- Interactive map of Ado-Odo/Ota
- Ado-Odo/Ota Location in Nigeria
- Coordinates: 6°38′N 3°06′E﻿ / ﻿6.633°N 3.100°E
- Country: Nigeria
- State: Ogun State
- Headquarter: Ota

Government
- • Local Government Chairman: Sheriff Adewale Musa (APC)

Area
- • Total: 878 km^{2} (339 sq mi)

Population (2006 census)
- • Total: 896,700
- Time zone: UTC+1 (WAT)
- 3-digit postal code prefix: 112
- ISO 3166 code: NG.OG.AO
- Website: https://adoodootalg.org.ng/

= Ado-Odo/Ota =

The Ado-Odo/Ota Local Government Area is one of the 20 Local Government Areas of Ogun State, Nigeria. It came into existence on 19 May 1989, following the merging of Ota, part of the defunct Ifo/Ota Local Government with Ado-Odo/Igbesa Areas of the Yewa South Local Government. Ado-Odo/Ota borders on metropolitan Lagos. The Local Government Area is the second largest in Ogun State and it is headquartered at Ota (or Otta) at to the north of the Area. Other towns and cities include Araromi-Alade, Ado-Odo, Agbara, Igbesa, Iju-Ota, Itele, Kooko Ebiye Town, Owode, and Sango Ota.

It has an area of 878 km^{2} and a population of 526,565 at the 2006 census. Being primarily agrarian in nature, the Local Government Area produces cash and food crops especially cocoa, kola nut, palm oil, coffee, cassava, timber, maize, and vegetables. Mineral resources include kaolin, silica sand, gypsum, and glass sand.

The Local Government is populated mainly by the Awori people, a subset of the Yorubas and the original inhabitants of the area. However, other groups like Egbado, Egba, and Eguns constitute the local government.
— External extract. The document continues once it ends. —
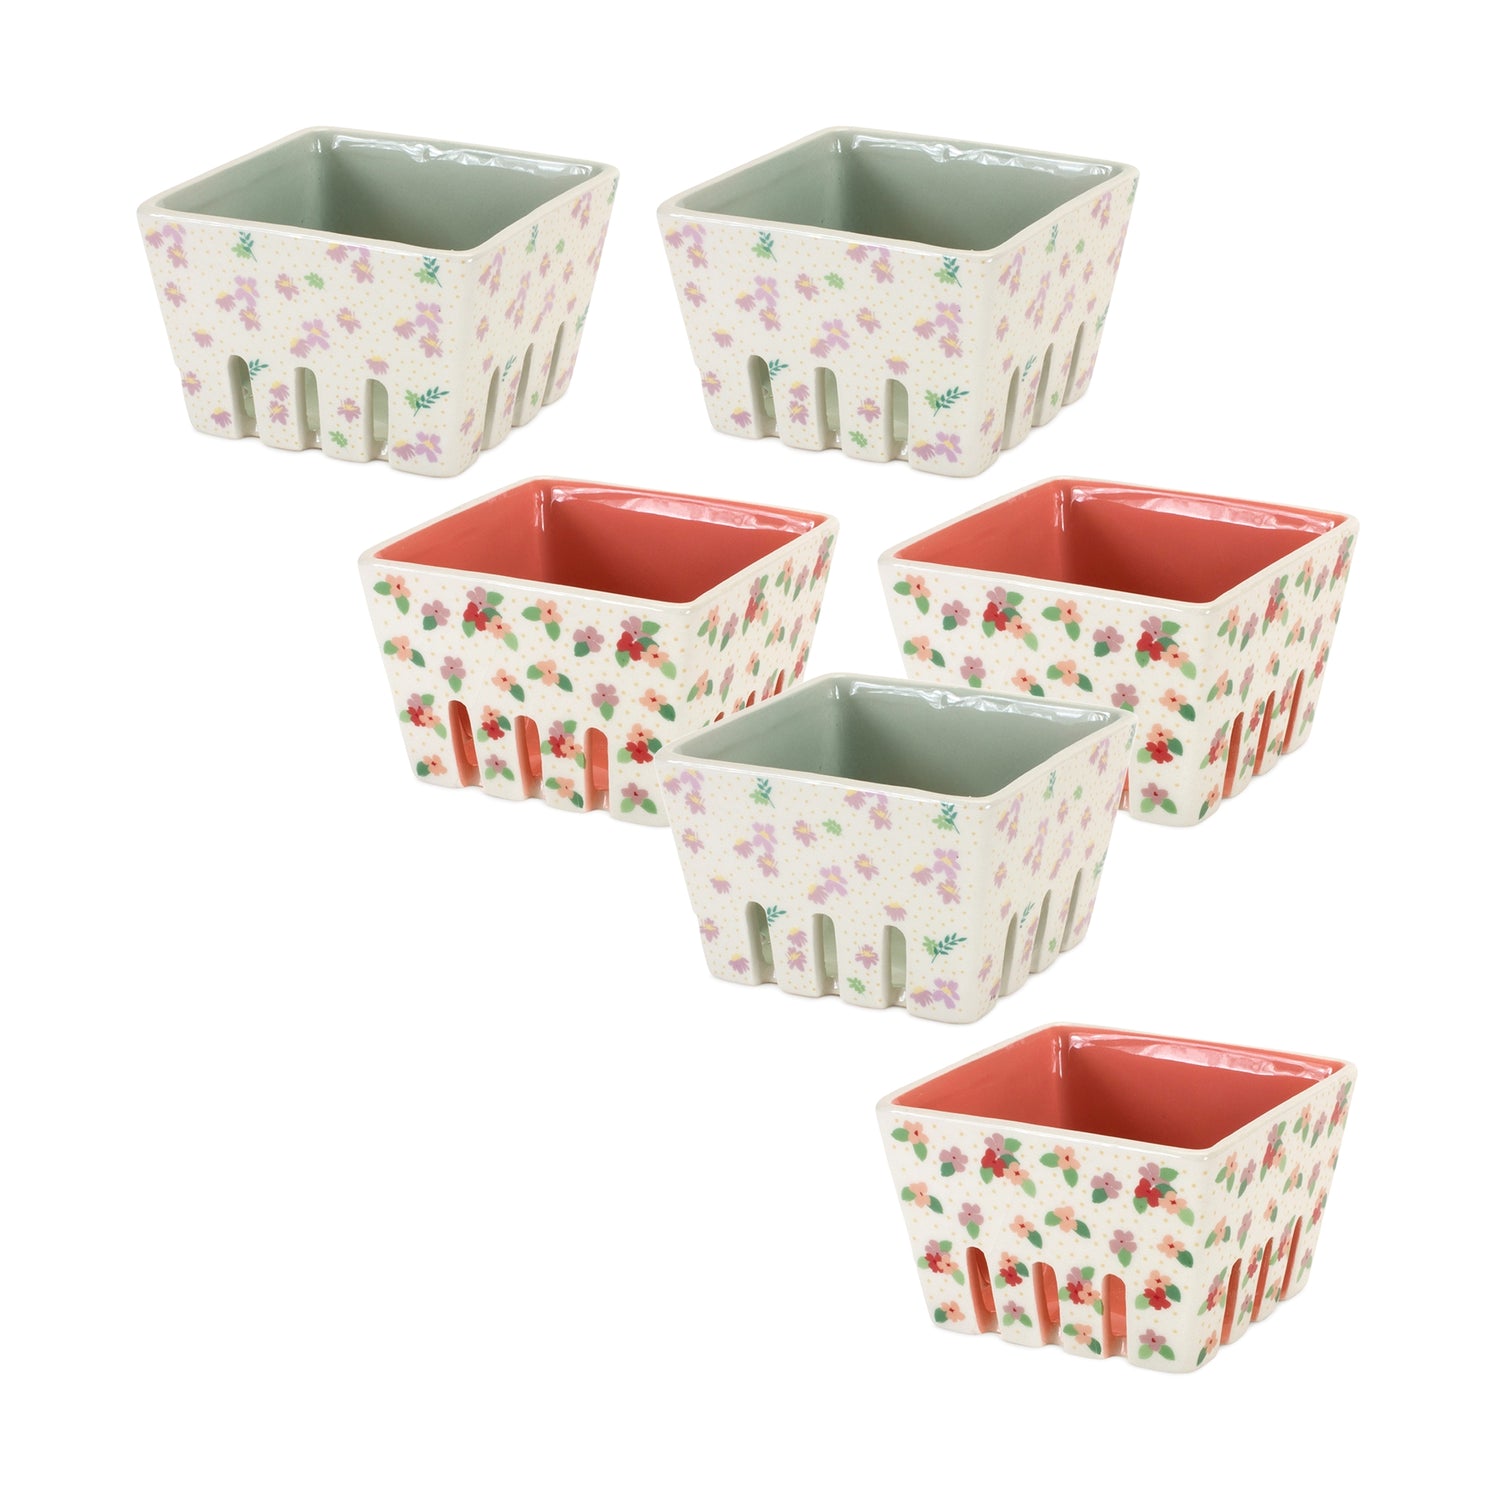 Berry Container (Set of 6) 4.25"L x 3"H Ceramic

There are currently eleven Traditional Obaship institutions in the Local Government Area namely: Olofin of Ado-Odo, Olota of Ota, Onilogbo of Ilogbo, Oloja Ekun of Igbesa, Onikooko of Kooko Ebiye, Onitele of Itele, Amiro of Ilamiro, Onitekun of Itekun, Olodan of Odan Abuja Sule, Alagbara of Agbara, Onigun of Odan-Abuja, Onikogbo of Ikogbo, Olu of Owode Ota, Olu of Atan Ota, Olu of Ijoko Ota and Olu of Tigbo Ilu.

The Local Government Area boasts a range of cultural, traditional, and historic attractions. One of the most popular is the Egungun (Masquerade) festival in Ota alongside the Oduduwa (Odu'a) festival in Ado-Odo. There are also shrines such as Ijamido and Ogbodo Shrines. The second oldest storey building in West Africa can be found in Ota, the Vicarage of the St. James Anglican Church built in 1842.

The postal code of the area is 112.

There are a number of both Public and private healthcare centers in the Local Government. They include The Local Government Maternity, Sango Ota Primary Health Centre. Private medical centers include Ace Medicare, St Shiloh Medical Center, Central Specialist Hospital, Ojugbele Specialist Hospital etc

Universities and tertiary education institutions are Bells University of Technology, Covenant University, Crawford University, Allover Central Polytechnic etc.